Develop A Marketing Strategy, And Stick To It
As a wedding planner, you are a brand. Even if you’re only a one-person operation, you have a corporate and business identity, and that identity has to be consistent from the logo down to your communication style. People place enormous importance on their wedding day, and they’re looking for someone who exudes professionalism to place their trust in to handle it for them. That means making a plan, and sticking to it. Develop an awareness that no marketing strategy yields immediate results, but a good marketing strategy will always work in the end. It’s very similar to playing Vegas Slots. If you’ve ever played mobile slots, you’ll know that you don’t necessarily expect to win from your first few spins. Success at mobile slots is all about sticking to the same course of action until the mobile slots game you’re playing responds by paying out money. You have to have faith that you’ll win in the end.
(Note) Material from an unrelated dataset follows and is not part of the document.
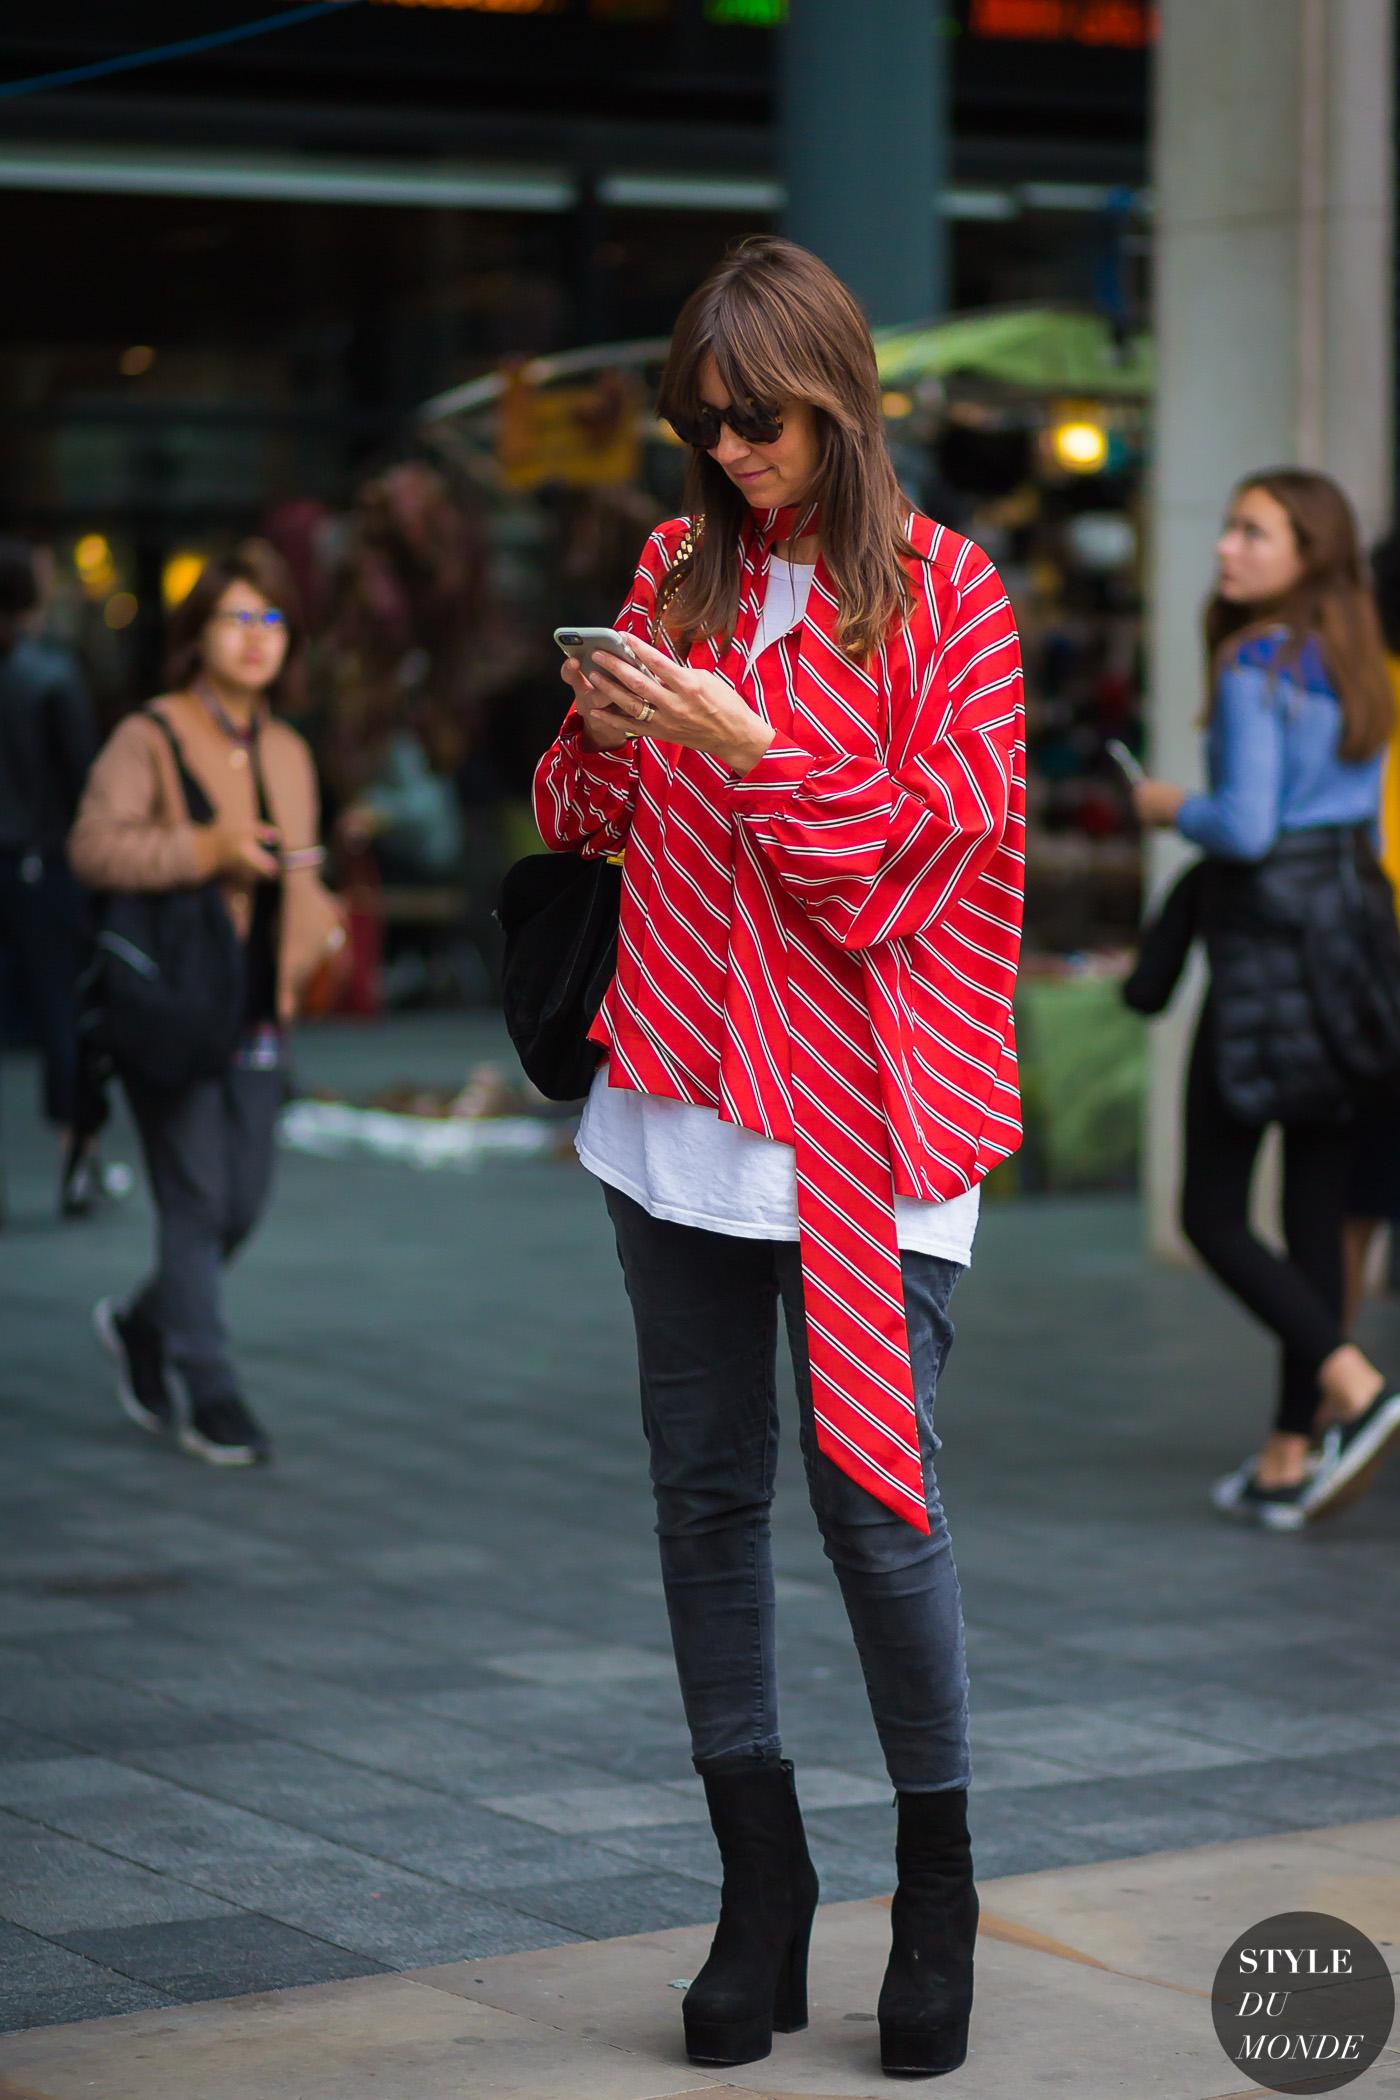 vanessa-coyle-by-styledumonde-street-style-fashion-photography

Taking this advice and putting it back into the context of wedding planning, it means sometimes sticking to your guns even when nothing seems to be working, and having faith that you’ll eventually get your reward.
For those people, considering a career in wedding planning makes sense. If you’re finding yourself debating it, then we’re happy to give you a few tips on how to make it in the profession. Be warned, though – the hours are long, the salary isn’t always fantastic, and some couples can be very hard to deal with! If you excel within the field, though, we give you our word that you’ll never find a job so satisfying when it’s going well.
Develop A Thick Skin
Not everything is going to go well all the time. Contractors will let you down. Brides and grooms will change their opinions, wants, needs, and budget on a whim. Occasionally, the couple you’re dealing with will separate part of the way through the process! When problems do come up, whether it’s invitations taking longer to arrive than planned, or the local florist letting you down with a display, you’ll take the brunt of the anger. The ‘happy’ couple don’t want to blame each other, and so as you’re the person you’re paying to make things go well for them, you’ll find yourself carrying the can for any hiccups as they occur. Every single wedding planner has a ridiculous ‘Bridezilla’ story to share, and it won’t take very long for you to gain one of your own! As difficult as it can sometimes be, try not to take the criticism personally, and remember you’ll usually get a very sincere apology (and sometimes even a nice gift) when it’s all over.
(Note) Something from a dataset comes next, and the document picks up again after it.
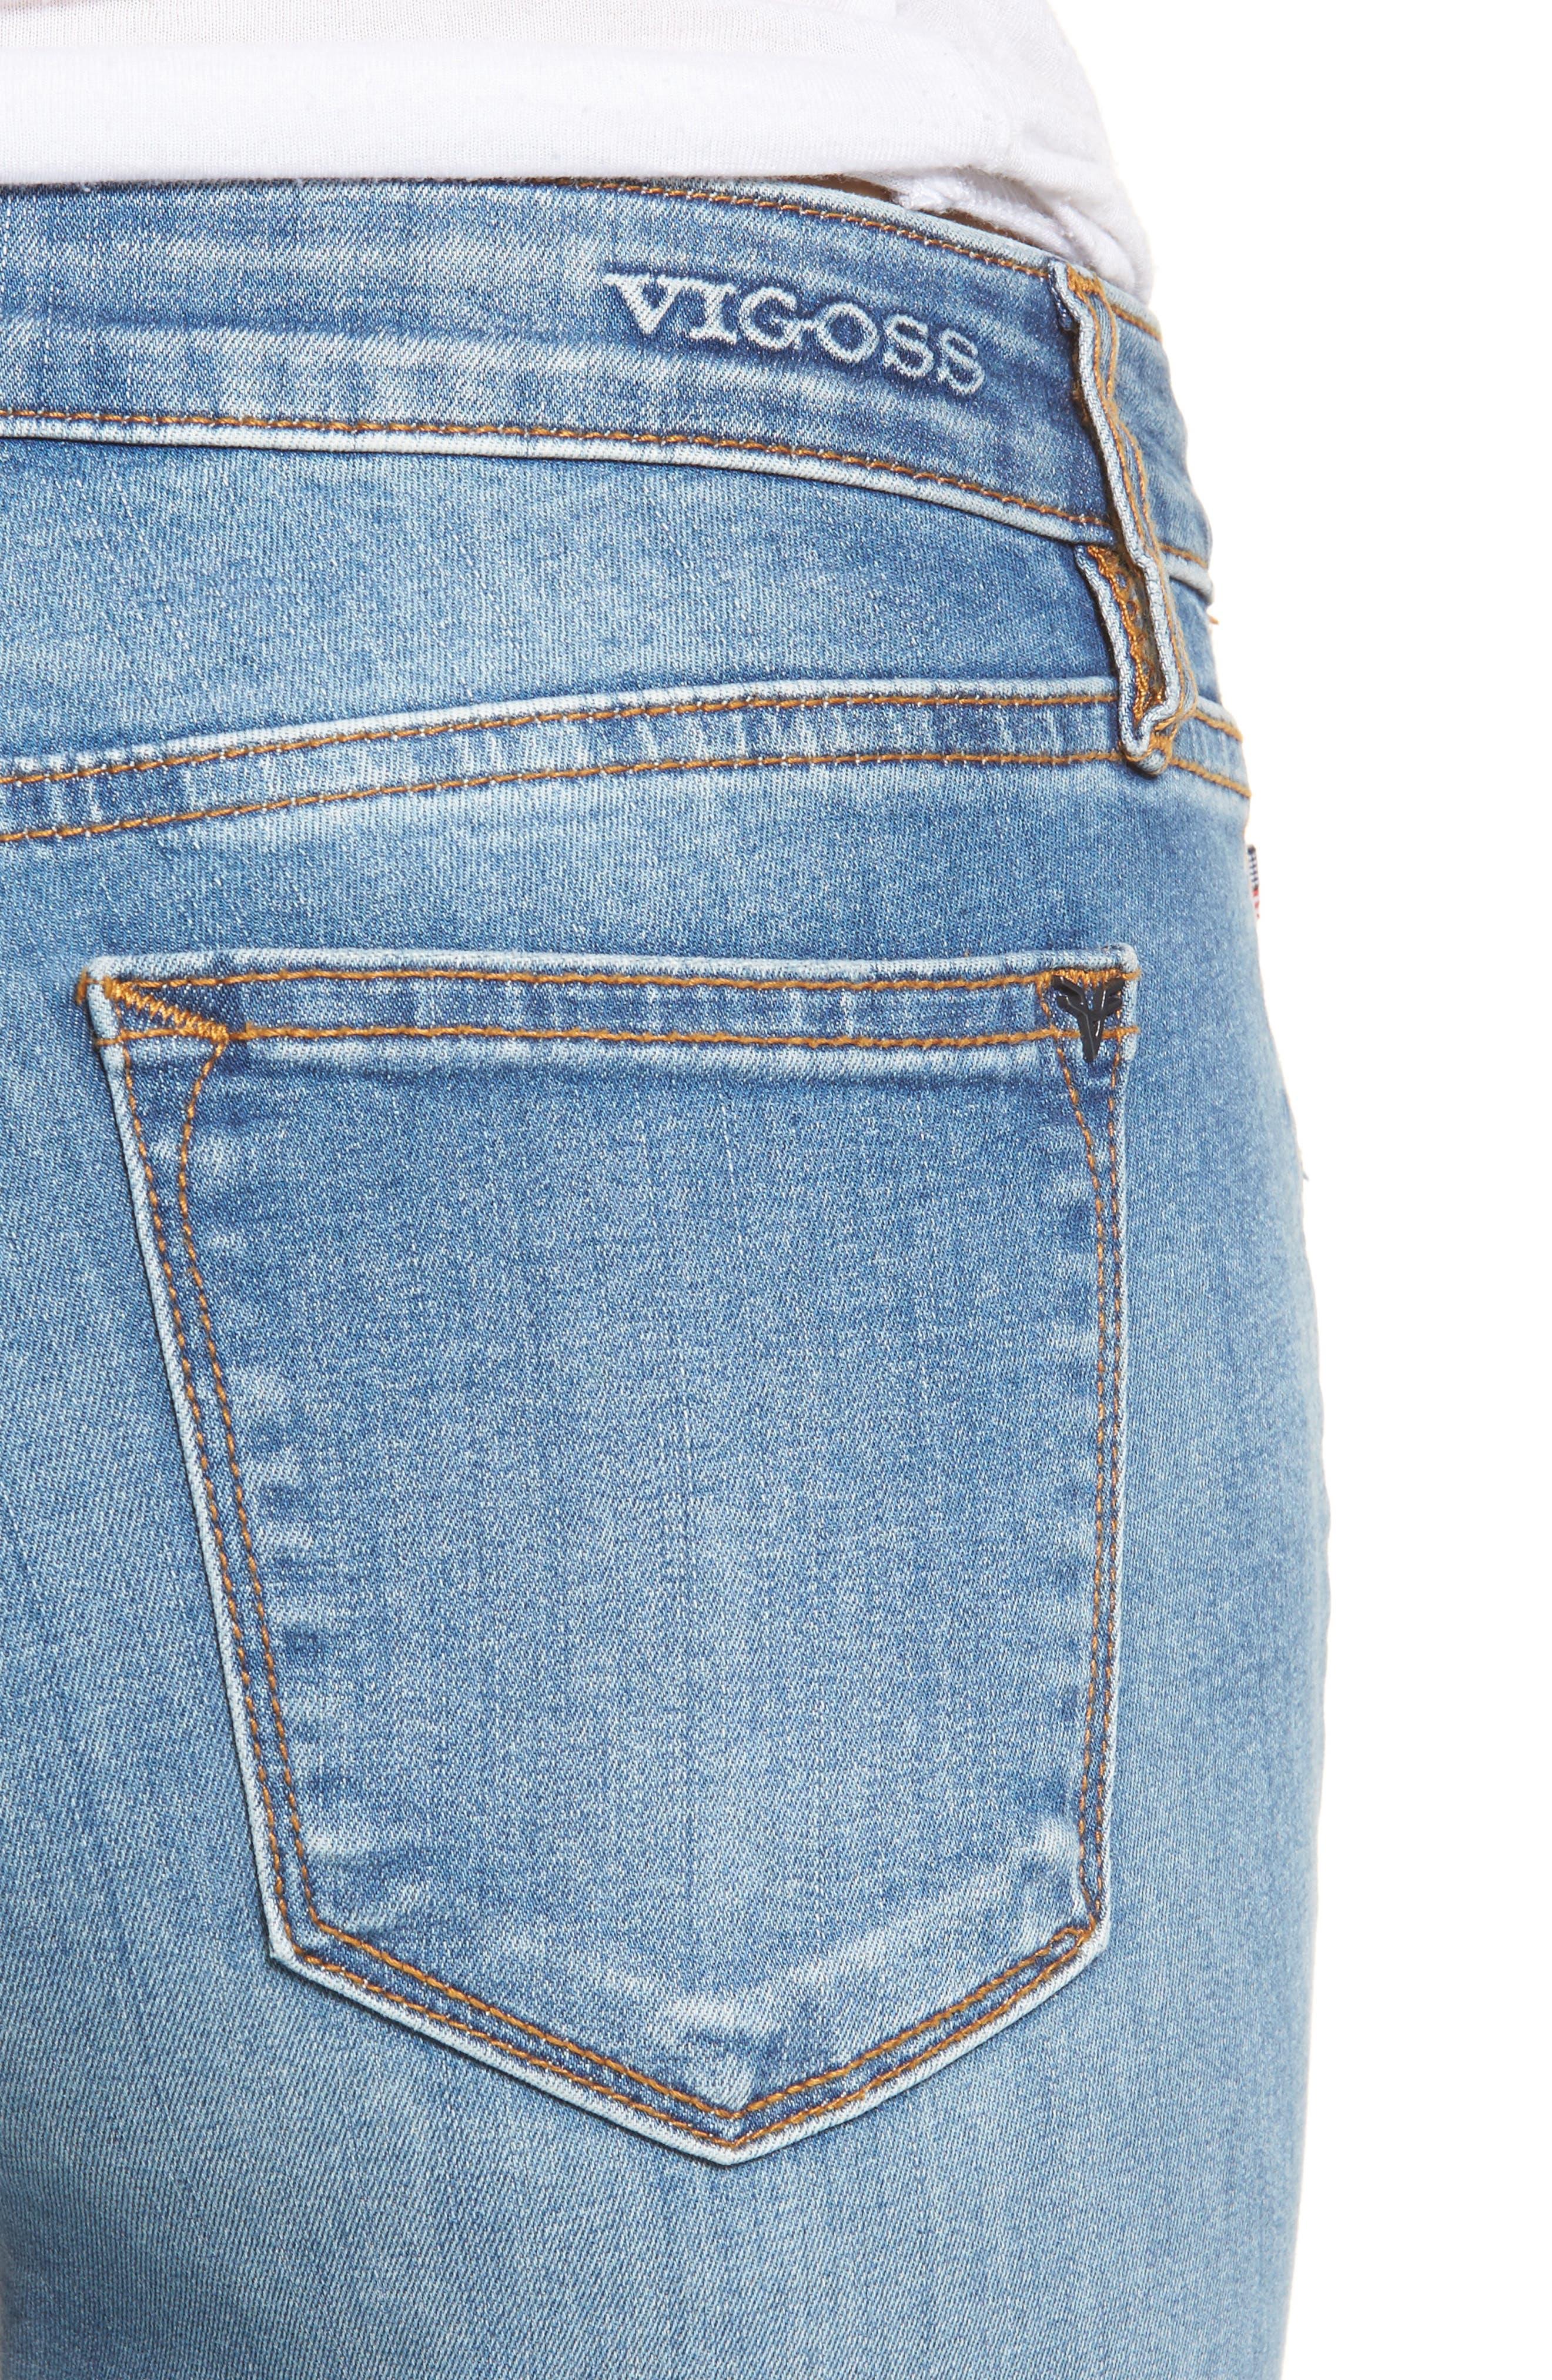 Edie Distressed Skinny Jeans,                             Alternate thumbnail 4, color,                             461

During all of the above, be positive and open-minded. Learn to reflect your customers. Be excited when they’re excited, welcome bizarre theme suggestions without batting an eyelid, and be patient and detailed when explaining why what they think to be a great idea might not necessarily be a great idea in reality. When you put aside the dresses, the venues, the transport, and the cake, wedding planning is a communications business, and you’ll need impeccable communication skills to succeed in it.